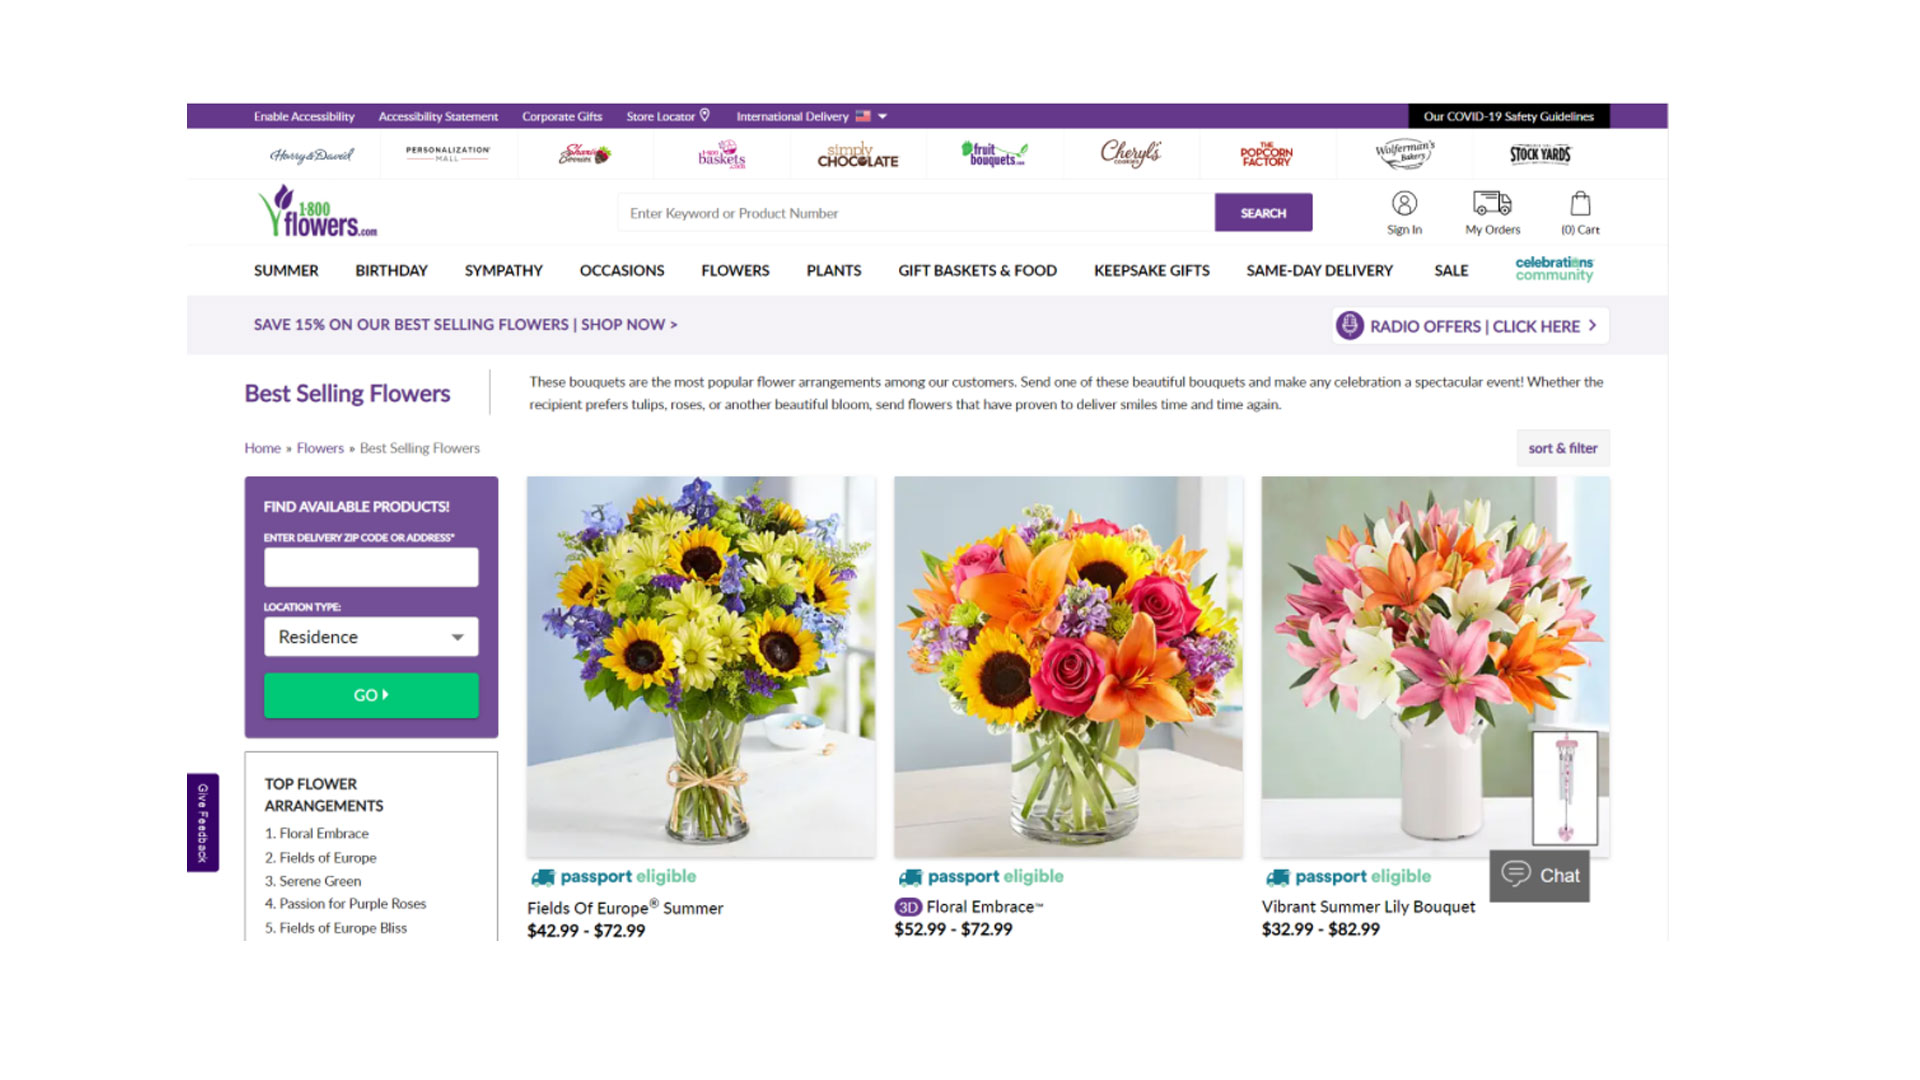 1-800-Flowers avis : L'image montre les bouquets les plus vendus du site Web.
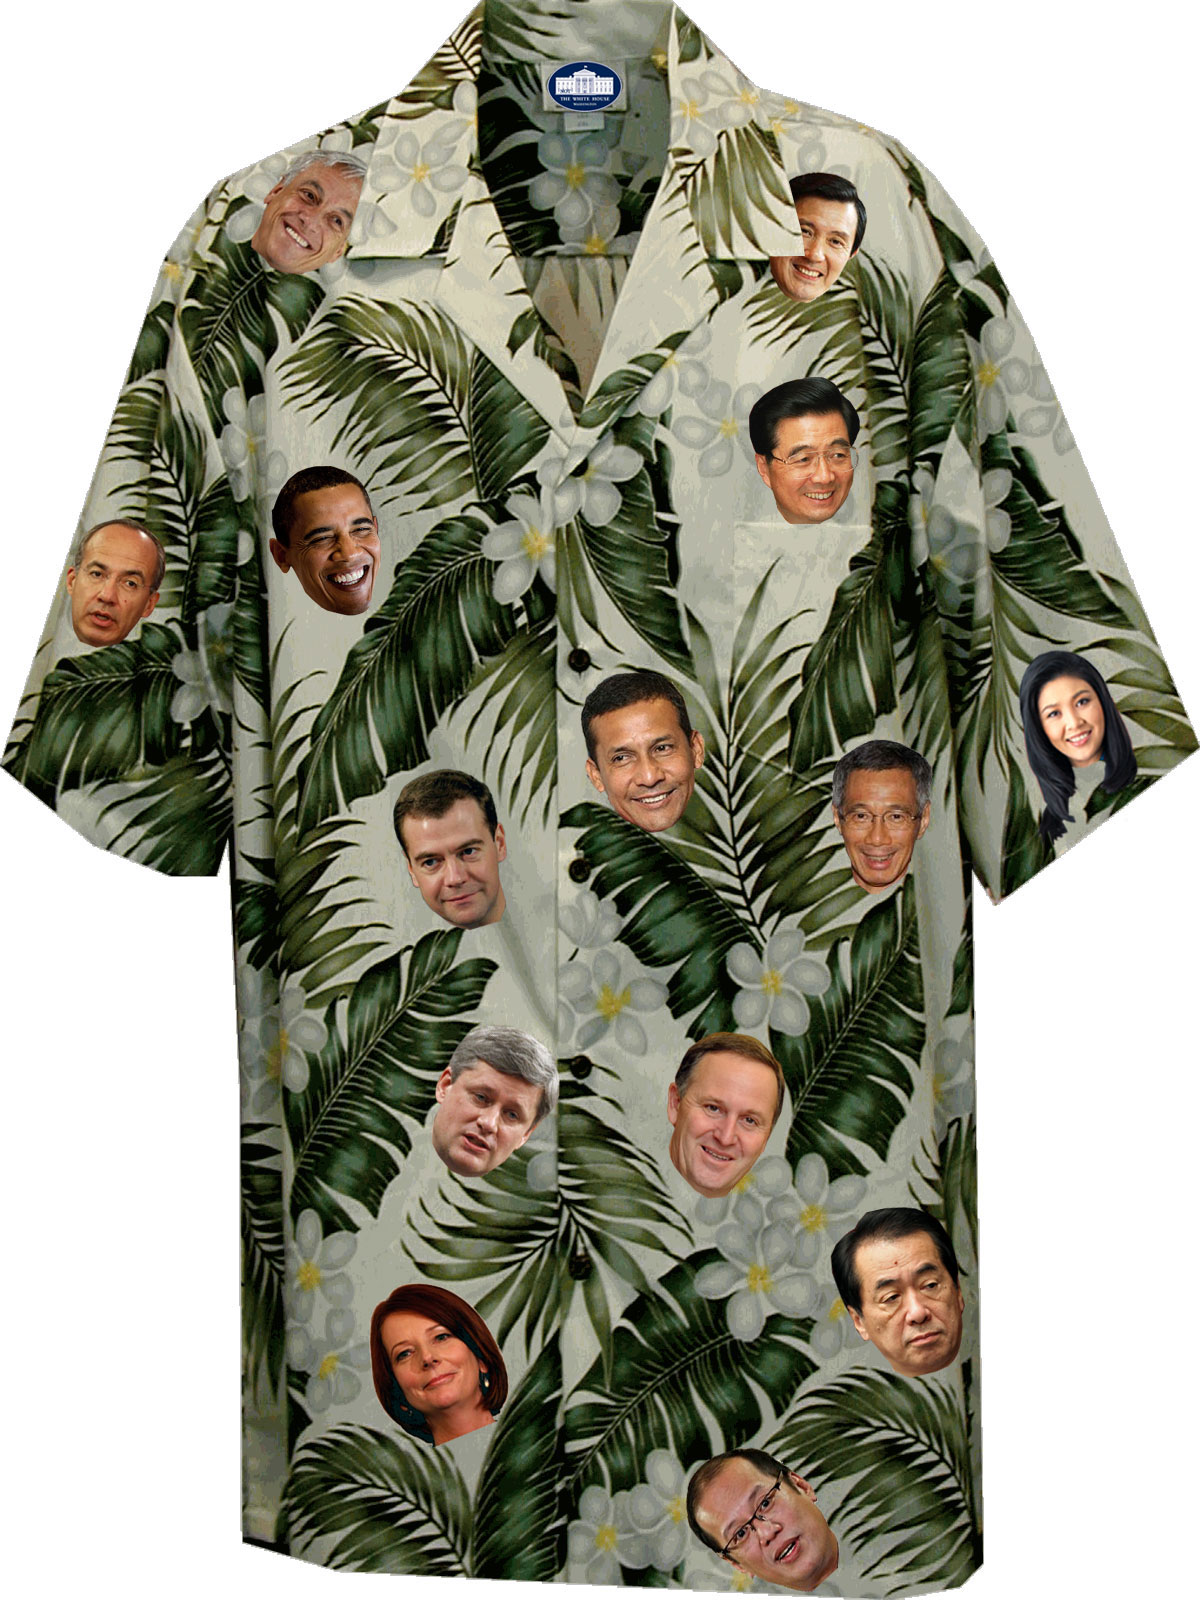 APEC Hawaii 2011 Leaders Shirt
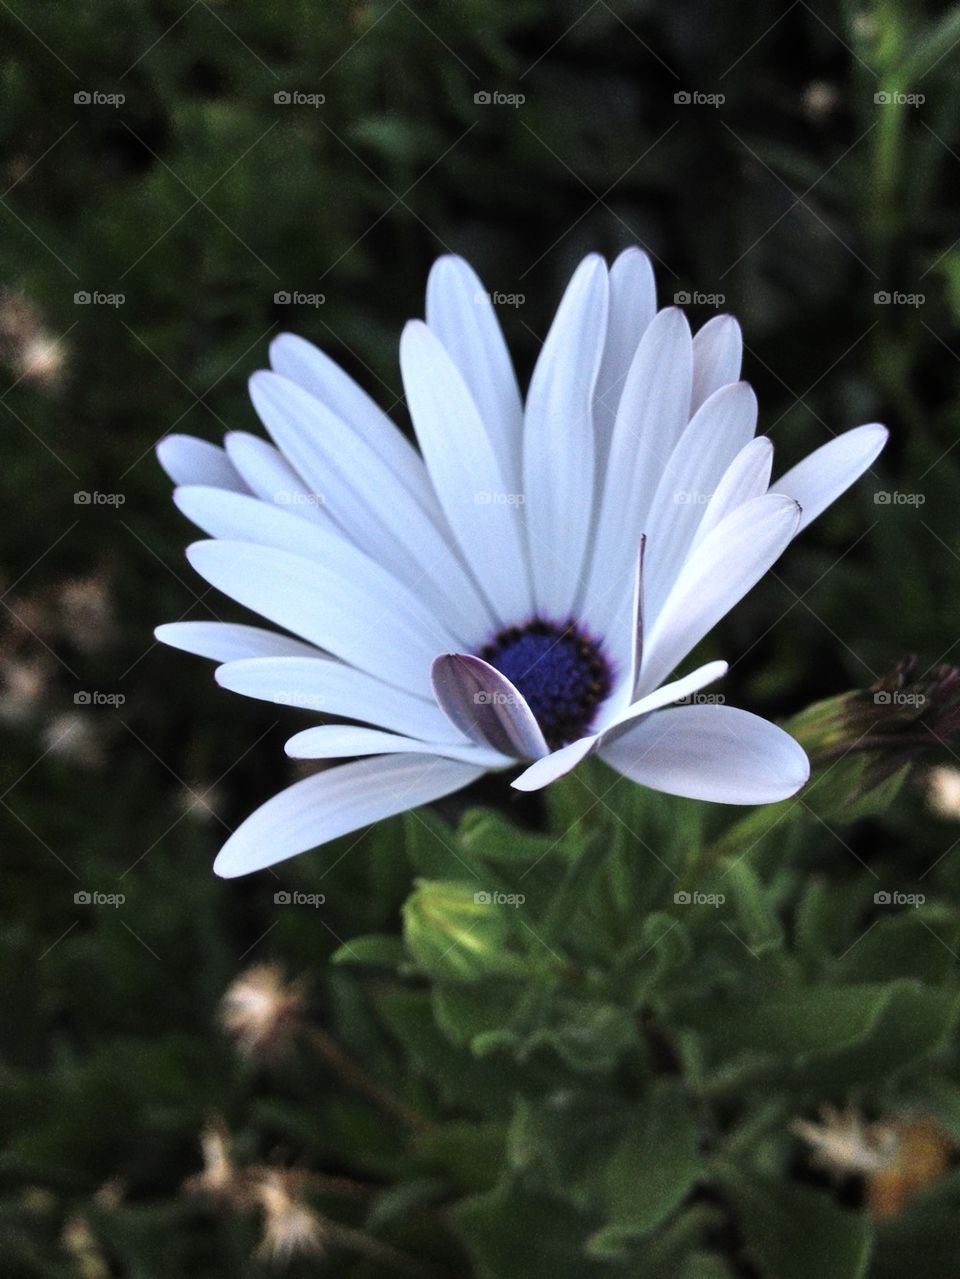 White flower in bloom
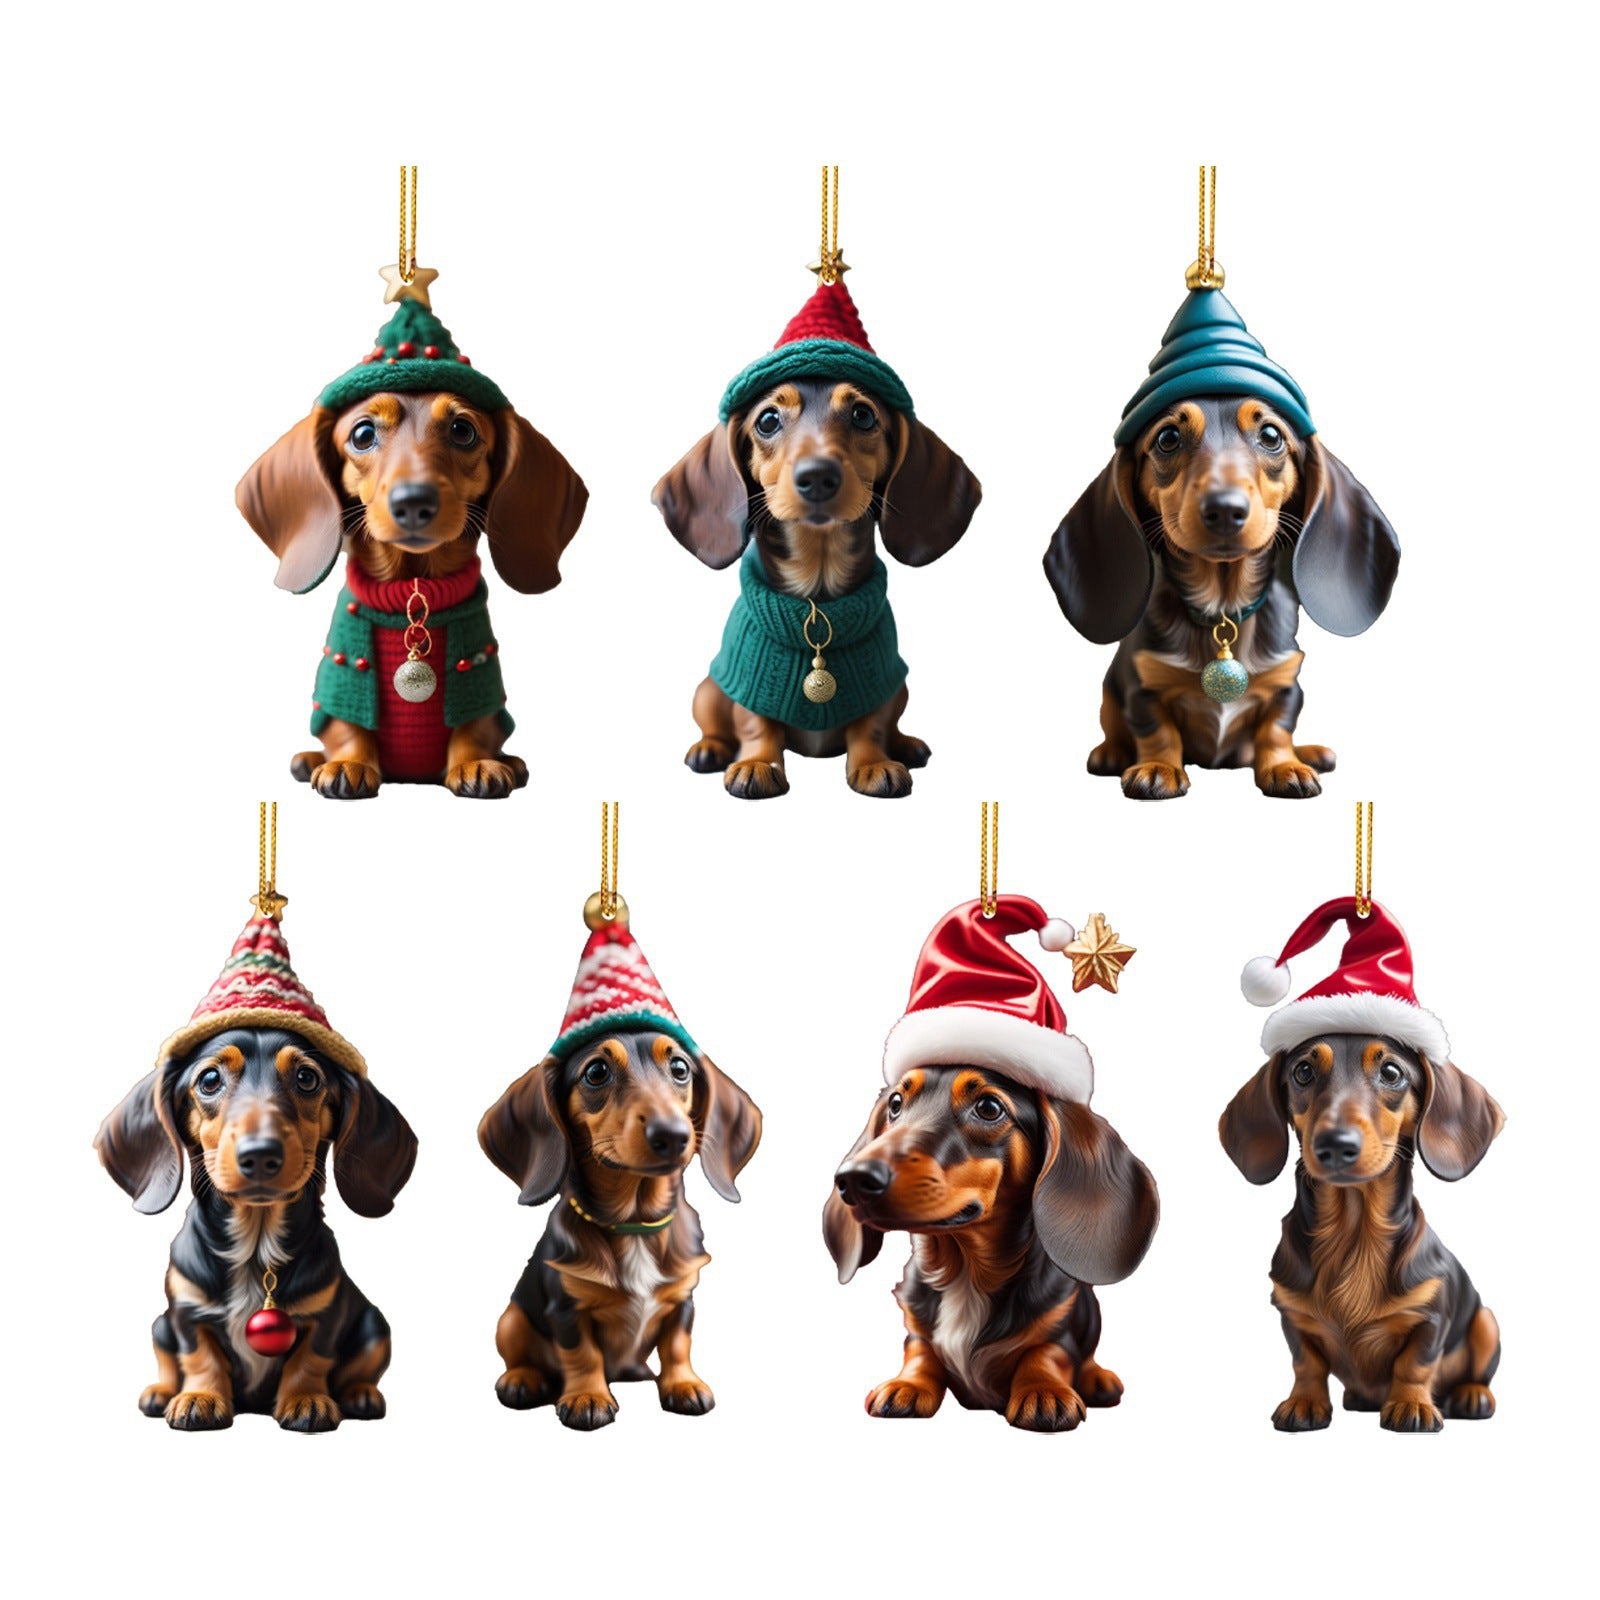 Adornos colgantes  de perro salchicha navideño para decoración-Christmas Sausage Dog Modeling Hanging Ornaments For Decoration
# # #
Skipping any pictures, transcribe the full listing exactly.

 1-800-Flowers avis : L'image montre les bouquets les plus vendus du site Web.
 APEC Hawaii 2011 Leaders Shirt
 White flower in bloom
 Adornos colgantes  de perro salchicha navideño para decoración-Christmas Sausage Dog Modeling Hanging Ornaments For Decoration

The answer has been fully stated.